Daytripper by Fábio Moon and Gabriel Bá

daytripper-by-fabio-moon-and-gabriel-ba Title: Daytripper
Author: Fábio Moon and Gabriel Bá
Publisher: Vertigo
ISBN: 978-1401229696
Genre: Graphic Novels
Pages: 256
Source: Personal Copy
Rating: 5/5

There are graphic novels that are those which you read and forget after a couple of months, till you go back to them. Then there are those which you read and you don’t need going back to them – because they never left you. “Daytripper” by Fábio Moon and Gabriel Bá is one such graphic novel. I could go on, and praise it eloquent but that’s not the point of this review (well it is to some extent). The point is that very few novels or graphic novels change you or move you and this is one of them.

“Daytripper” is one of those graphic novels that could have gotten preachy but did not. It could have also gotten sentimental and quite overwhelming but it does not. It is tender and brutal at the same time – and doesn’t lose the overall plot. Maybe because it hits home so bad and so hard that you also want to just take off – for a month or two and ask yourself this one basic, simple and haunting question: How do you plan to spend the rest of your days?

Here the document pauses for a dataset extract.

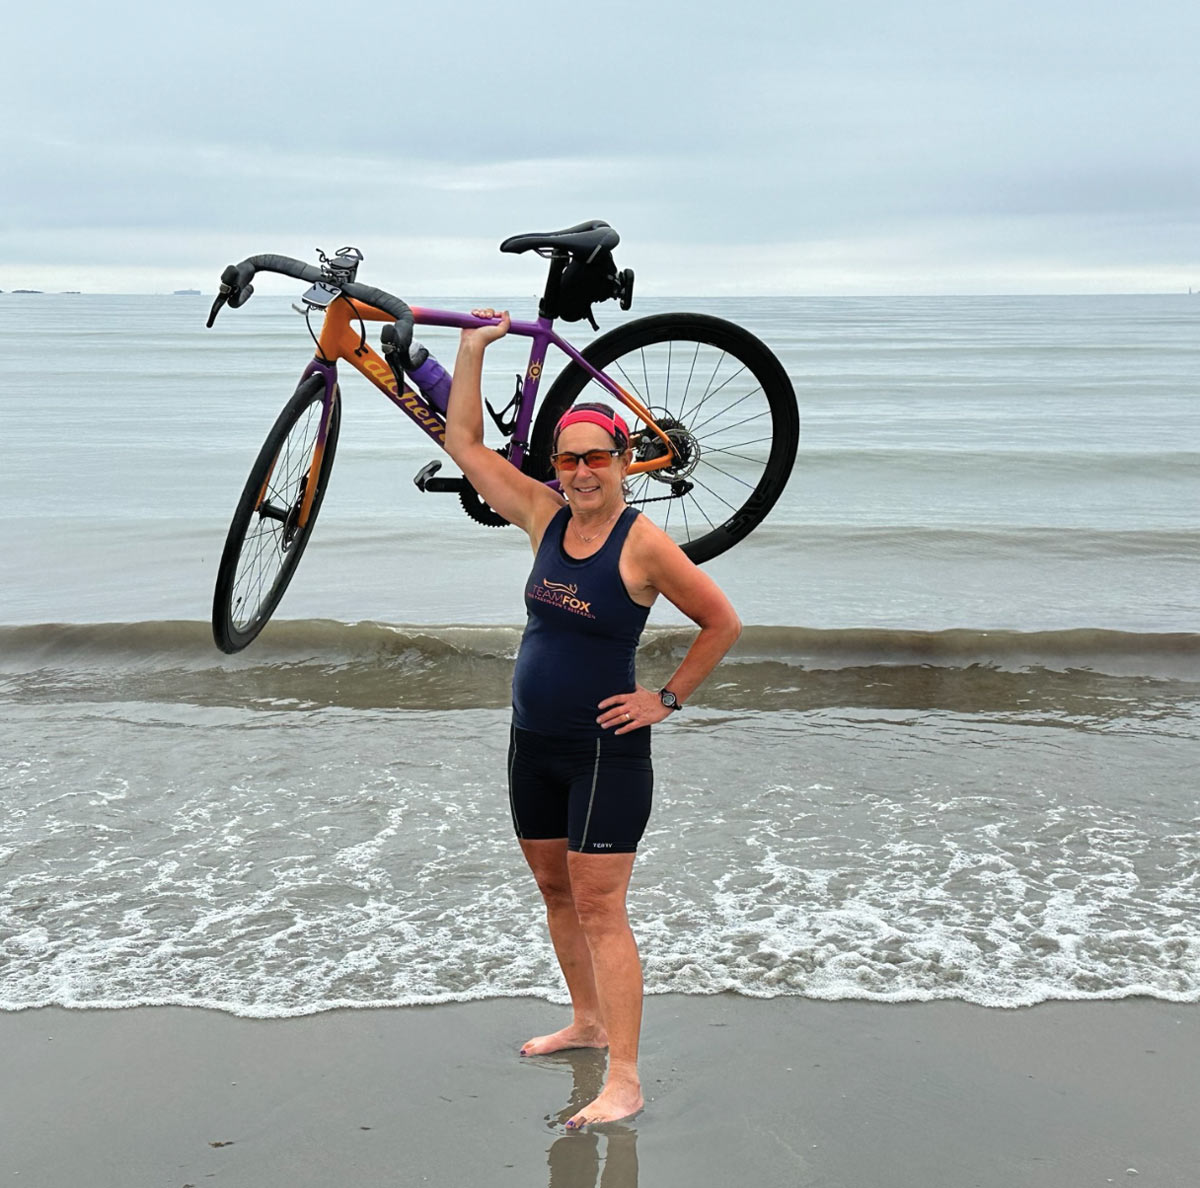 Barbara Harris stands in shallow waves on a beach, holding her bike over her head with one hand.
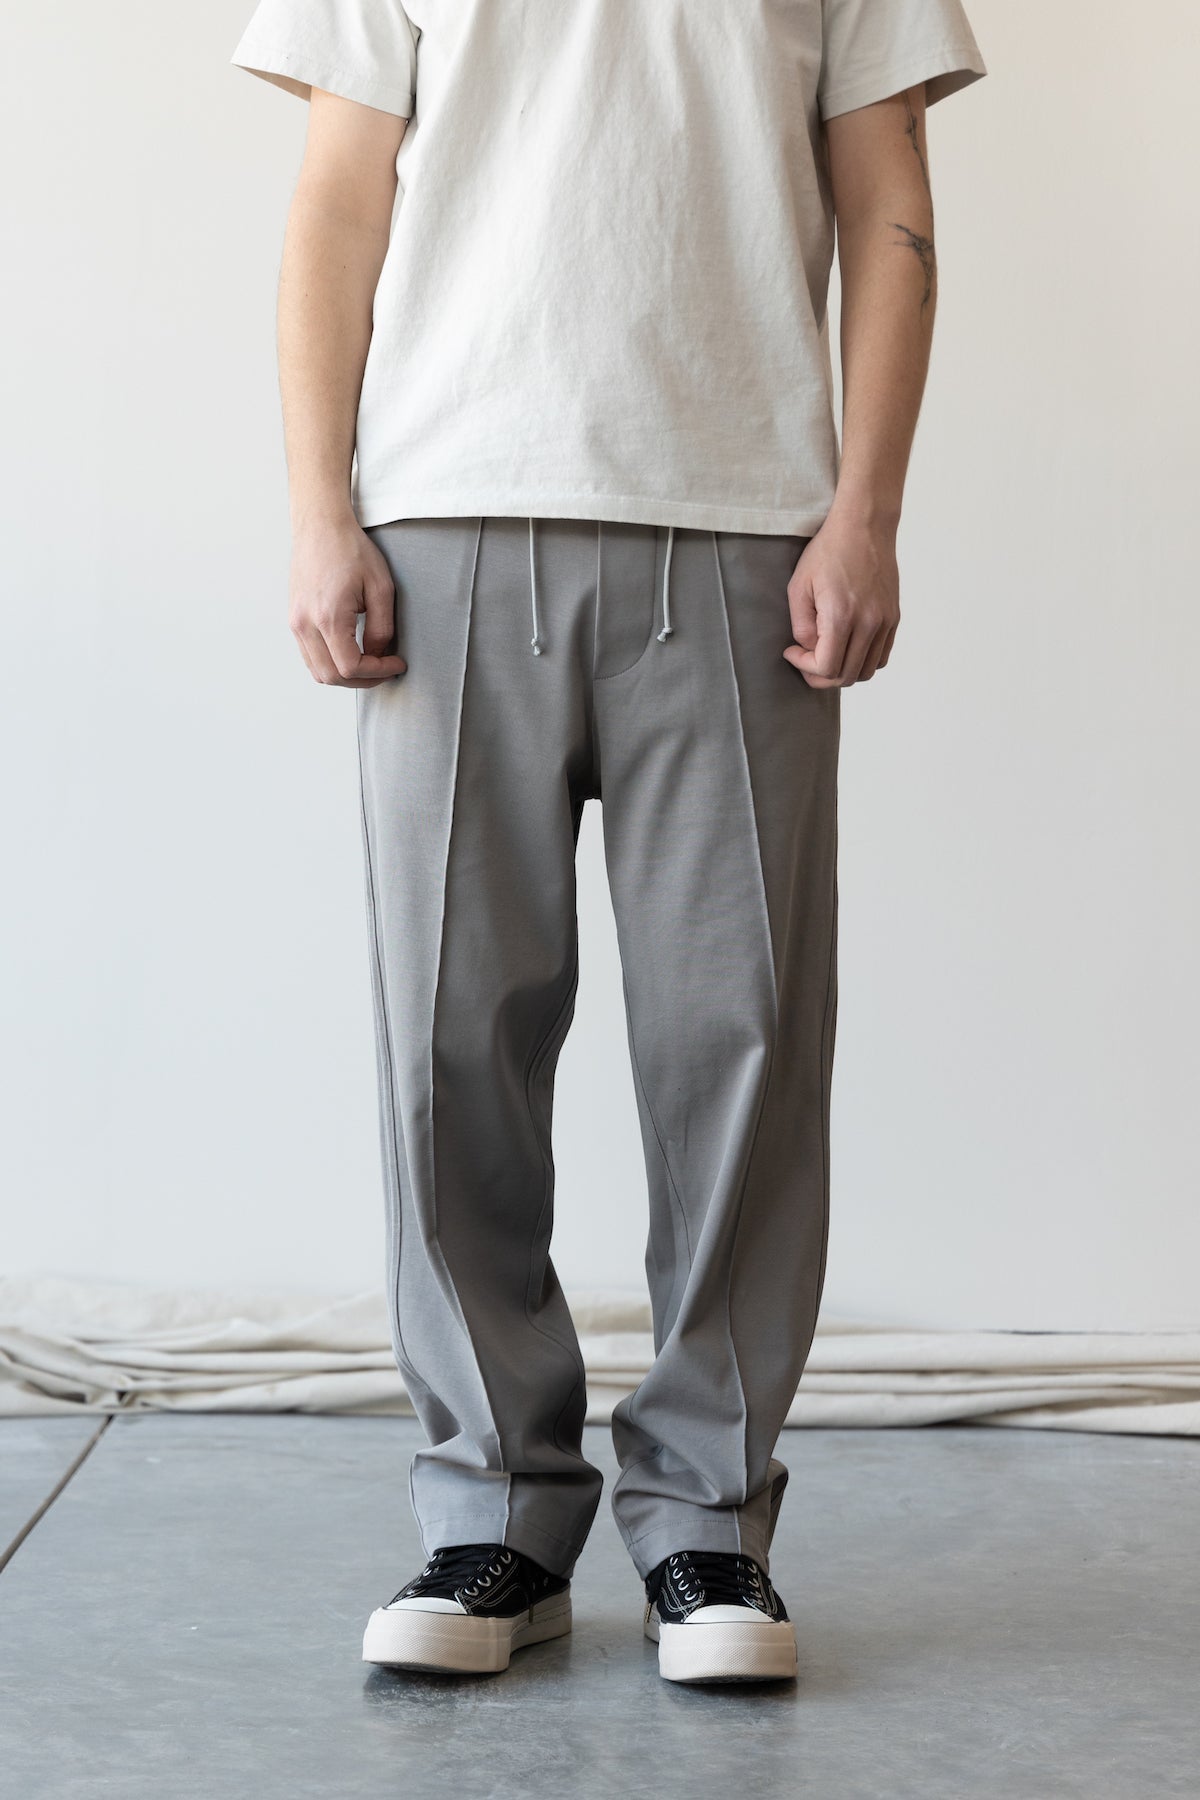 TEXTURED BAND PANT - SOLID GREY – LADY WHITE CO.

This question is the essence of this book – well at least, according to me. The book tells the story of Brás de Oliva Domingos and does so in a fractured, disjointed fashion. Time bends, narratives are scattered, nothing is what it seems and we meet Brás at various major events of his life – we meet him first when he is thirty-two and going to see his father, a famous novelist receive a lifetime achievement award. We then meet him when he is twenty-one and seeking the world. We encounter him when he is eleven and then at forty something and then at seventy six – you get the drift I suppose. I must also add here that the protagonist is an obituary writer. The obits, his life, and different times that the reader is exposed to or given a peek into are brilliantly conjured and written.

What is this book about you might ask? It is a book of missed opportunities, of second chances, of life taking its own course and you having no control over it – that’s what it is about. The Brazilian twins have done a fantastic job of storytelling and pushing the story forward, and connecting all pieces, which is imperative in a graphic novel of such magnitude. I love this book beyond love I think. It encompasses every emotion – love, friendship, envy, gratitude, heartbreak, loss and above all to look inside you and actually figure out what is it all about after all.

“Daytripper” is one of those graphic novels that make you sit back and question all of it – at least in my case and that is what a good book should do. I would strongly urge everyone to go out there, pick up this brilliant graphic novel, read it, be immersed, be overwhelmed and feel the irresistible need to go and discuss it with anyone else who has read it.